How The Iceberg Effect Illuminates How Much We Don't Know
The Iceberg effect is a visual metaphor to help us more realistically face life and work.
Any time we face a project, relationship, friend, employee, church, or anything, the top of the iceberg is what we can immediately see.
For example, when watching a political presidential debate we see the top of the iceberg for the candidates we're interested in supporting.
When we start a new project, we think it will only take 2 weeks, when in reality it's a 2 month long project.

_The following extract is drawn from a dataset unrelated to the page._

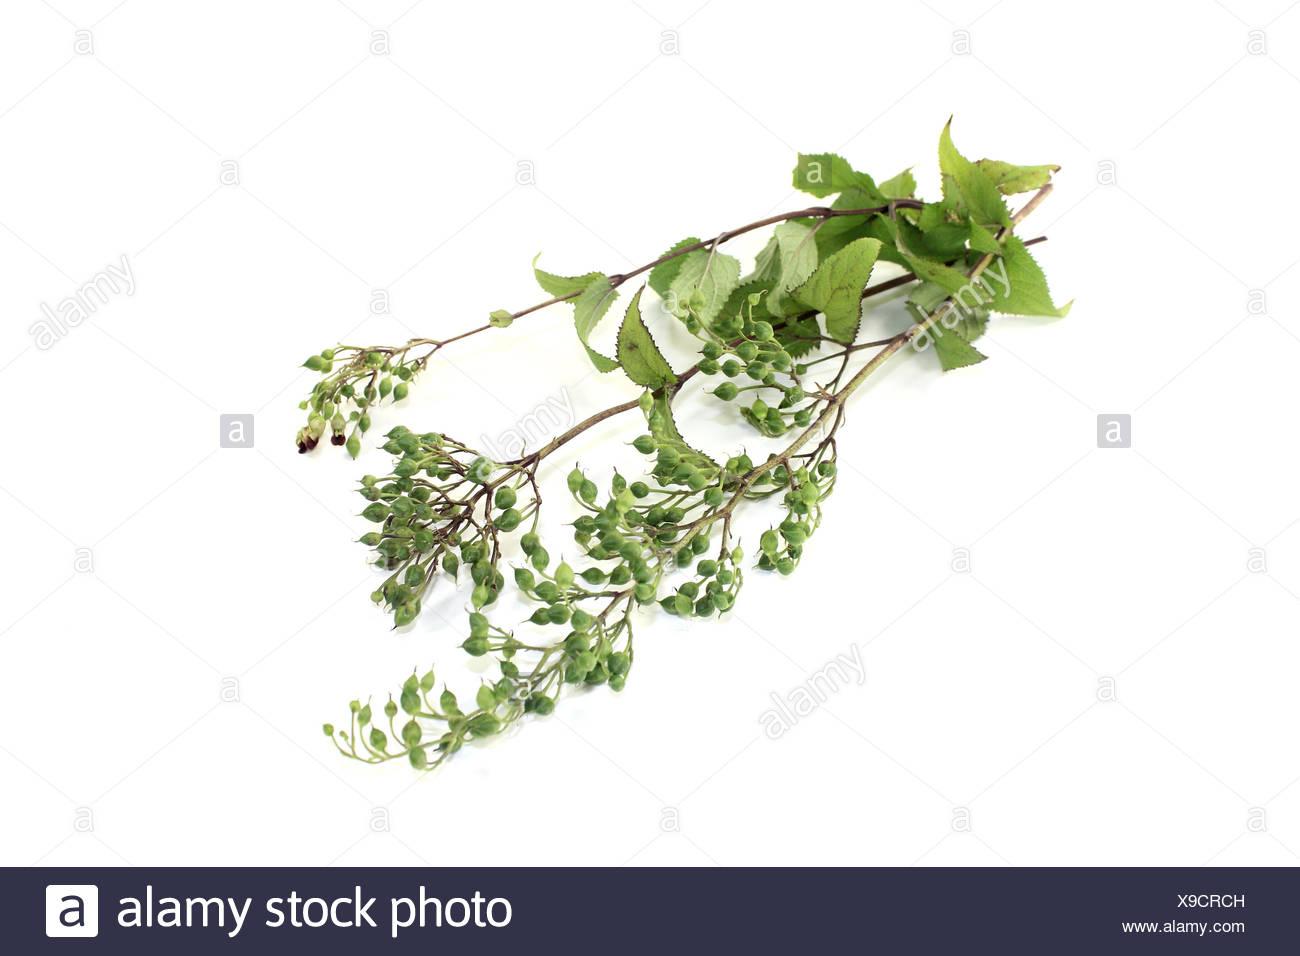 healthy Bei Xuan Shen - Stock Image

When we have experience in a particular area, we visualize what the iceberg looks below the tip of the iceberg. While we don't know for sure, we can reasonably anticipate the unknowns that are likely and unlikely to happen. This helps us better anticipate the successes and failures we'll face.
No matter how experienced and knowledgeable we are, we will inevitably face the unexpected unknowns in life, work and projects. It's the deep abyss with no end. It could be something or it could be nothing.
In 2001, numerous New York companies planned for what they knew and what they expected could happen to mitigate their risk and maximize their chances of success. At the end of the day, they did not expect a group of terrorists to attack the world trade towers and change their entire lives.
It is wise for us to plan for what we know, what we anticipate and a little extra for for the complete unknown. Outside of this, it requires we trust in something more powerful than the unanticipated unknowns.
For me, I choose to trust in God. How about you?